This notebook was used to perform inference on unlabelled patent claims, and was run on Google colab. The best performing NLP model was used.

In [None]:
# Mount Google Drive on Google Colab to access files
from google.colab import drive
drive.mount('/content/drive')

In [None]:

import numpy as np
import pandas as pd
import torch
from torch.utils.data import TensorDataset, DataLoader, RandomSampler, SequentialSampler
from transformers import TFXLNetModel, XLNetTokenizer, XLNetForSequenceClassification, AdamW
from google.colab import userdata
userdata.get('HF_TOKEN')
from keras.preprocessing.sequence import pad_sequences
import pickle

In [None]:
# Identify and specify GPU
device = torch.device("cuda" if torch.cuda.is_available() else "cpu")
n_gpu = torch.cuda.device_count()
torch.cuda.get_device_name(0)

Combine unlabelled data into a single file

In [None]:
df_1 = pd.read_excel(r'/content/drive/MyDrive/data/unlabeled_data/all_unlabelled_data_1.xlsx')
df_2 = pd.read_excel(r'/content/drive/MyDrive/data/unlabeled_data/all_unlabelled_data_2.xlsx')
df_3 = pd.read_excel(r'/content/drive/MyDrive/data/unlabeled_data/all_unlabelled_data_3.xlsx')

combined_df = pd.concat([df_1, df_2, df_3], ignore_index=True)

with open('all_unlabeled_claims.pkl', 'wb') as file:
    pickle.dump(combined_df, file)

Import claims data and prepare them to be inference ready (tokenizing and Tensor dataset).

In [None]:
import pickle
# Load the object from the pickle file
with open(r'/content/drive/My Drive/data/unlabeled_data/all_unlabeled_claims.pkl', 'rb') as file:
    data = pickle.load(file)

In [None]:
# Function to prepare df input data to be inference-ready

def df_to_tensor(data):

  # Extract patent claims and prepare for inference

  inputs = data['Text']
  inputs = [sentence + " [SEP] [CLS]" for sentence in inputs]                      # Special tokens to be added to end of sentences for XLNet

  # Initialize the tokenizer and convert text into tokens that correspond to XLNet's vocabulary
  tokenizer = XLNetTokenizer.from_pretrained('xlnet-base-cased',do_lower_case = True)
  tokenised_inputs = [tokenizer.tokenize(sent) for sent in inputs]

  MAX_LEN = 256

  # Use the XLNet tokenizer to convert the tokens to their index numbers in the XLNet vocabulary
  input_ids = [tokenizer.convert_tokens_to_ids(x) for x in tokenised_inputs]

  # Pad our input tokens
  input_ids = pad_sequences(input_ids, maxlen=MAX_LEN, dtype="long", truncating="post", padding="post")
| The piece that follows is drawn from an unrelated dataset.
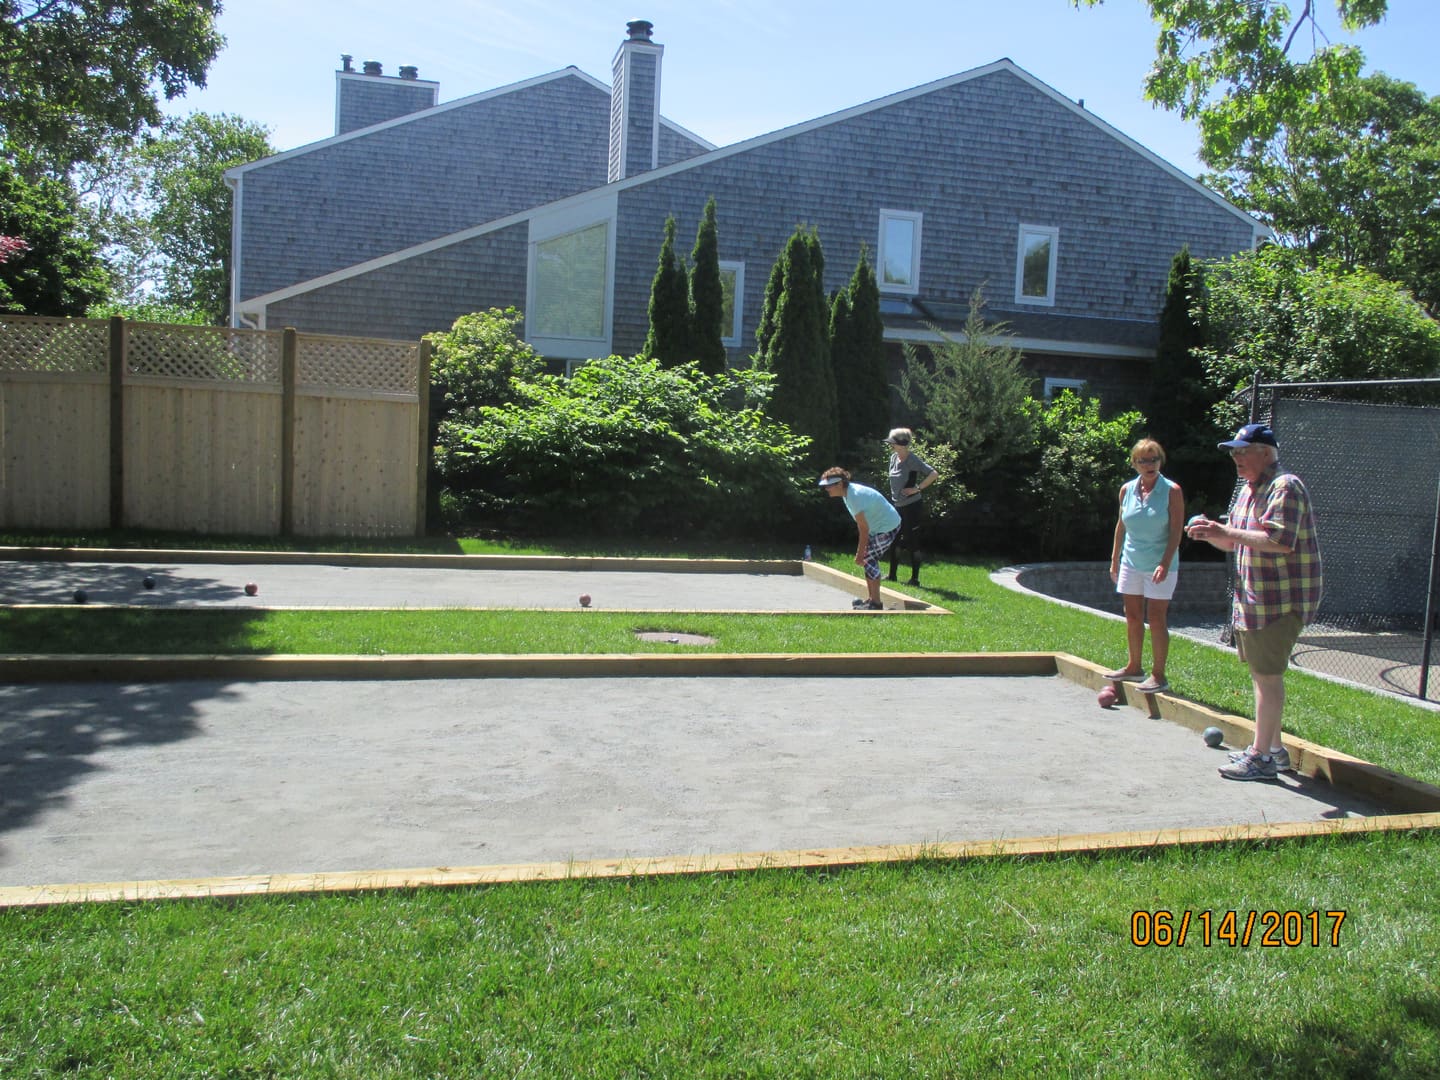 A group of people playing bocce ball in the yard.

  # Create attention masks
  attention_masks = []
  for seq in input_ids:
    seq_mask = [float(i>0) for i in seq]
    attention_masks.append(seq_mask)

  # Convert data into torch tensors, the required datatype for the model

  inputs = torch.tensor(input_ids)
  masks = torch.tensor(attention_masks)

  input_data = TensorDataset(inputs,masks)

  return input_data

Inference

In [None]:
def inference(input_data,model,bs):
  input_dataloader = DataLoader(input_data,batch_size = bs)

  pred_flat_all = []

  for batch in input_dataloader:
      # Add batch to GPU
      batch = tuple(t.to(device) for t in batch)
      # Unpack the inputs from our dataloader
      b_input_ids, b_input_mask = batch
      # Telling the model not to compute or store gradients, saving memory and speeding up validation
      with torch.no_grad():
        # Forward pass, calculate logit predictions
          output = model(b_input_ids, token_type_ids=None, attention_mask=b_input_mask)
          logits = output.logits

      # Move logits to CPU
      logits = logits.detach().cpu().numpy()

      pred_flat = np.argmax(logits, axis=1).flatten()

      pred_flat_all.append(pred_flat)

  return pred_flat_all


The inference code block below is designed to be able to run across multiple sessions.

In [None]:

# Imports completed inference from previous session
with open(r'/content/drive/My Drive/data/all_labelled_claims.pkl', 'rb') as file:
    labels = pickle.load(file)


# Activate this line of code if running this block for the first time
#labels = []


# Imports inference model
model_path = '/content/drive/MyDrive/Colab Notebooks/Trained Models/XLNet/2e-05_0.01_32'
model = XLNetForSequenceClassification.from_pretrained(model_path,num_labels = 2)
model.cuda()
model.eval()


# Find row where last iteration stopped
start_loc = len(labels)

batch_size = 256

# Continue loop of inference
try:
  while start_loc < len(data):
    print(start_loc)
    data_subset = data.loc[start_loc:start_loc+batch_size - 1]

    input_data = df_to_tensor(data_subset)

    pred = inference(input_data,model,batch_size)

    pred = pred[0].tolist()

    labels = labels + pred

    start_loc = start_loc + batch_size
    with open(r'/content/drive/MyDrive/data/all_labelled_claims.pkl', 'wb') as file:
        pickle.dump(labels, file)

except Exception as e:
  print(f"An error occurred: {e}")